Nightschool Volume 4

Written by Svetlana Chmakova
Illustrated by Svetlana Chmakova
Yen Press

Things are moving fast for Alex. Not only has she lost her sister, now she's lost her home. On the run, even Alex's friends start to turn on her, for fear of the danger. Meanwhile, the young Hunters want revenge for the death of their friends and are in hot pursuit. As if that's not bad enough, the secret lurking within Alex and others finally reveals itself, as the time to take over the world has come. Can anyone stop this mess? Is anyone actually who they think they are? It all comes to an explosive conclusion in the final volume of...Nightschool!

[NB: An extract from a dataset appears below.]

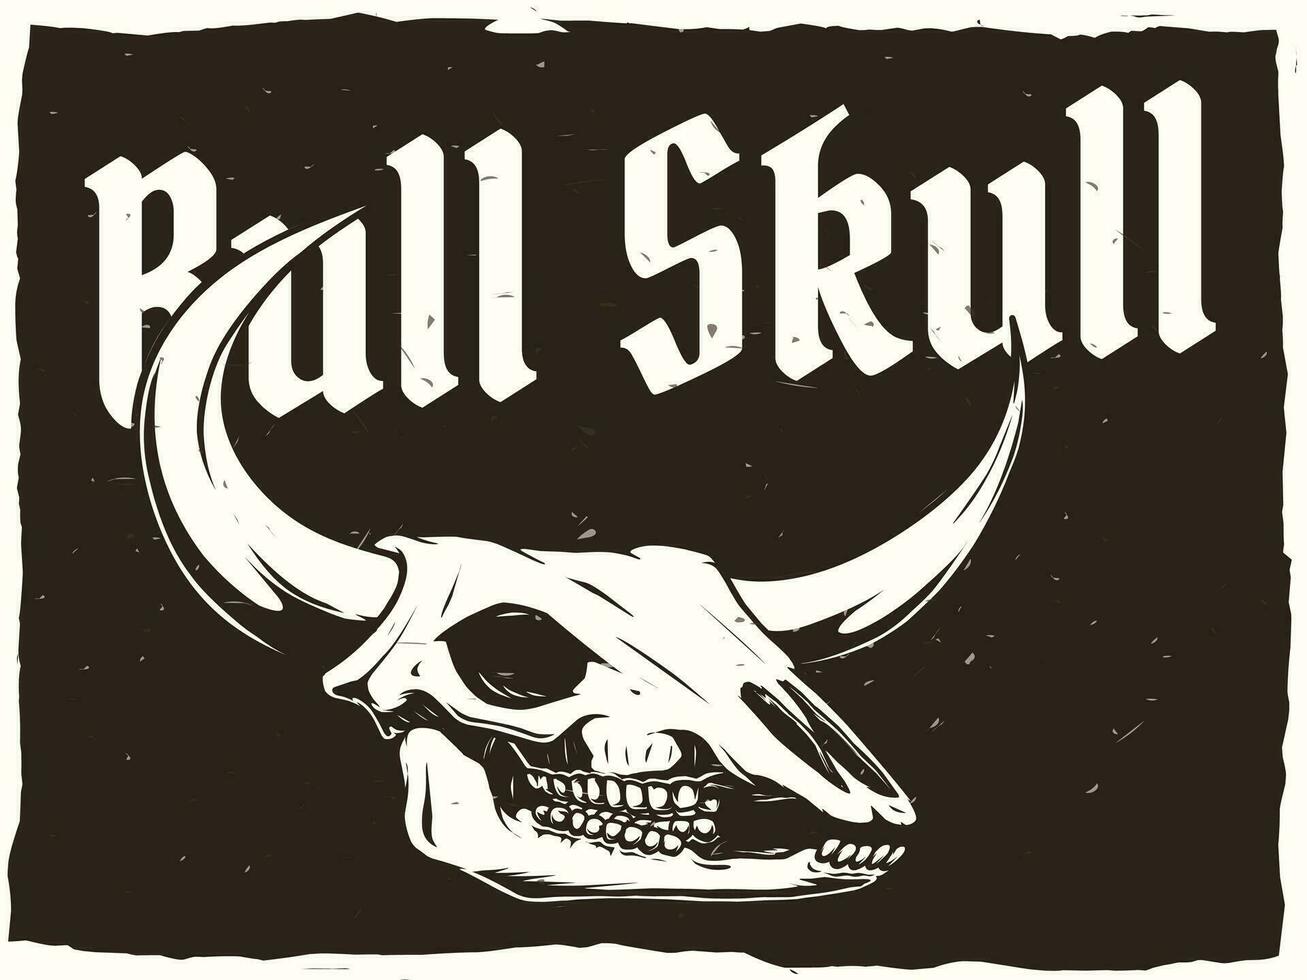 Bull skull poster design for print vector
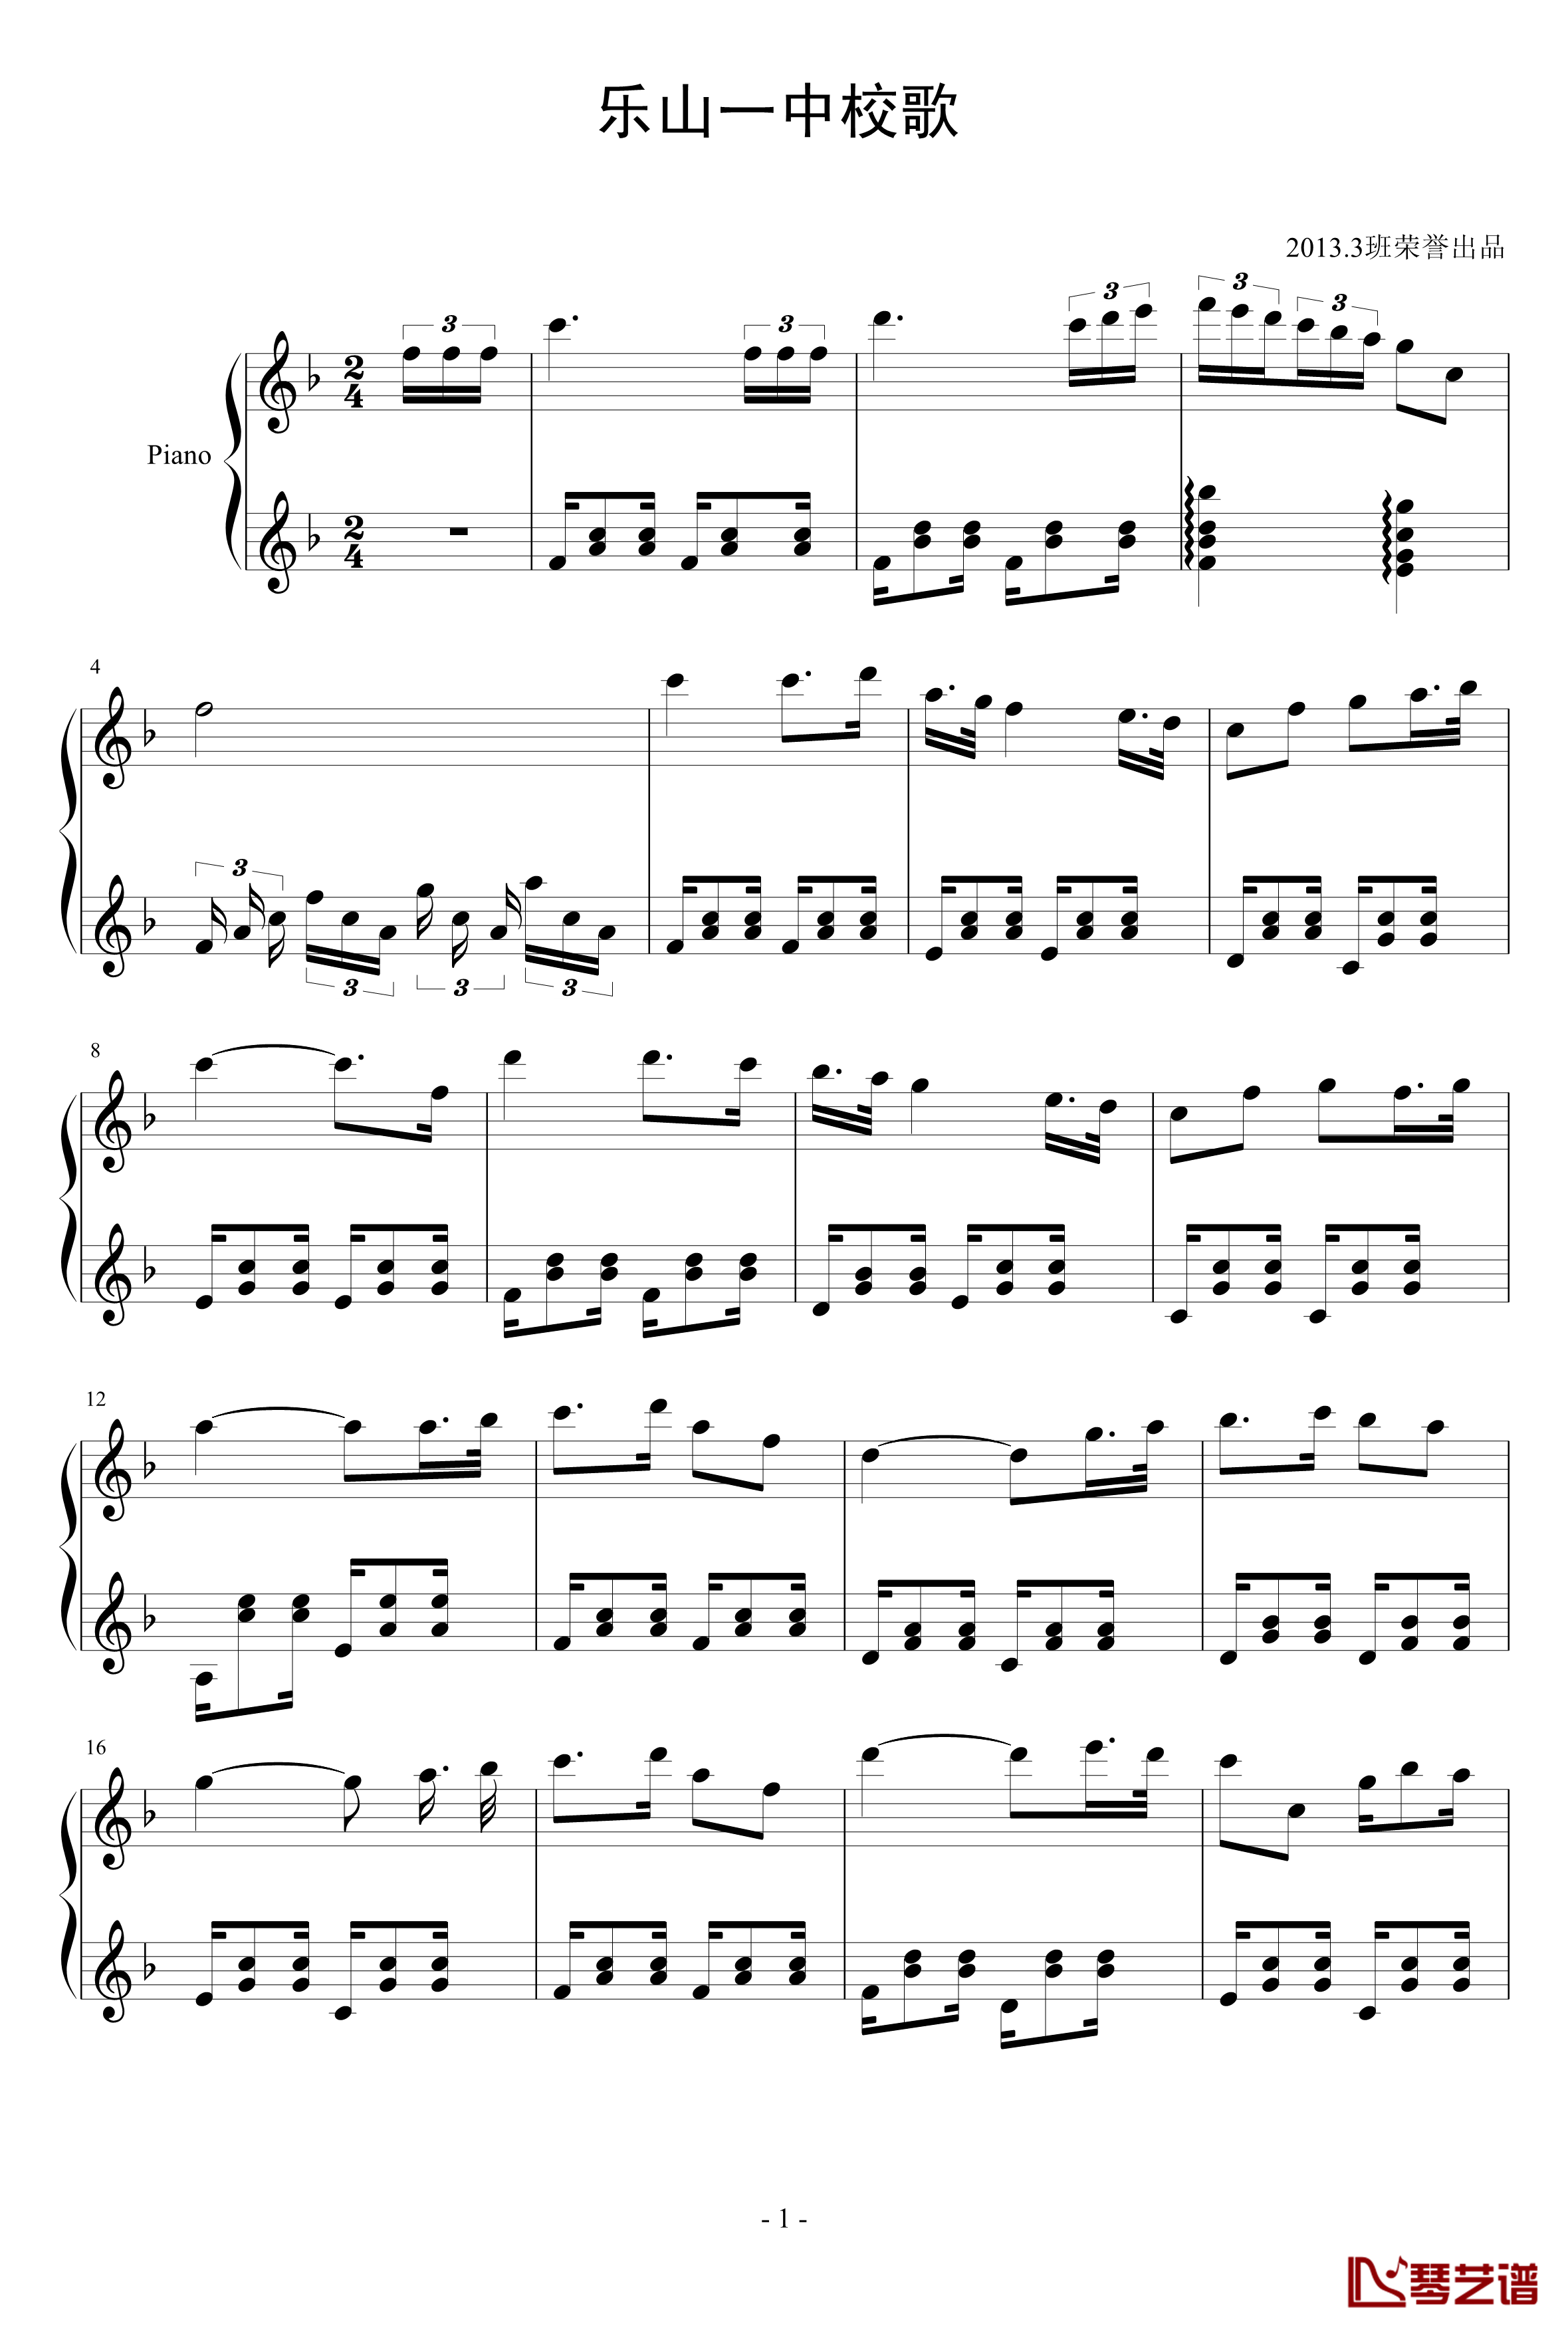 乐山一中校歌钢琴谱-非正式版1

After volume three seemed to be a bit stuck in place, it was a tad odd to get into volume four and find that someone had jammed the accelerator. There is so much action in this final volume that it's almost too hard to keep track of everything that's going on. The third trade acted like we had a lot of time to complete the series, then suddenly there's a rush on to reach the ending. I have to admit that's a pacing problem that does cause me to like this series a little less than I did before. I don't know how much of this was from the author and how much was a decision by the publisher, but I feel like this manga would have been better served going to five books instead of four.

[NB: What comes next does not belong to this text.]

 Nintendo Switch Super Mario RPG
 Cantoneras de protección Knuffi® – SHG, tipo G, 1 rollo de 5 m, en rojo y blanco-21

The story itself, however, does a good job in the space allotted trying to tie everything together. All of the characters we've met play a part in the conclusion, and I don't think there are any loose ends. There's only one problem--the way this story ends is, well, kinda unfair. If you've already read the series, I think you'll know what I mean.

Without saying too much, I'll try to explain. Chmakova opts to do something that I've always felt cheapens the reading (or viewing) experience in order to make sure that everything works out okay for her characters. That takes away the sense of danger for me, which really hurts the overall feel of the manga. Why should I care if Alex or one of the hunters is in danger of death if the author isn't willing to actually kill someone? Further, the dramatic ending doesn't seem to have any costs attached to it. There's some serious magic going on in the final pages, but it doesn't seem to have any price to pay, other than leaving the people involved pretty tired.

I don't care for Orson Scott Card, but I agree with something he wrote about putting together fantasy or science fiction: Magic must have a price you pay. Otherwise, it's not realistic. That may seem a bit silly at first blush--after all, magic powers, vampires, and shape-shifters aren't going to appear in our world anytime soon. But there must be a sense of realism within the world to make things work. Magic on the scale of the conclusion of Nightschool needs to have a cost, and I didn't see one. I'm afraid that's a big problem for me.

It's really a shame that Nightschool ends on a cheat with no consequences, because I loved how most of this volume proceeds. The action is ramped up page by page, certain mysteries are explained, and we even get a great set of battle sequences. Chmakova does a really nice job of making normally innocent characters look creepy and keeping the action sequences as clear as possible, even while using a whole ton of shonen action lines. The pacing of the battle also felt just about right, with characters entering and exiting the fight in a way that felt natural to me. As each wave of participants falls, a new set takes their place, leading to the dramatic climax--that really wasn't.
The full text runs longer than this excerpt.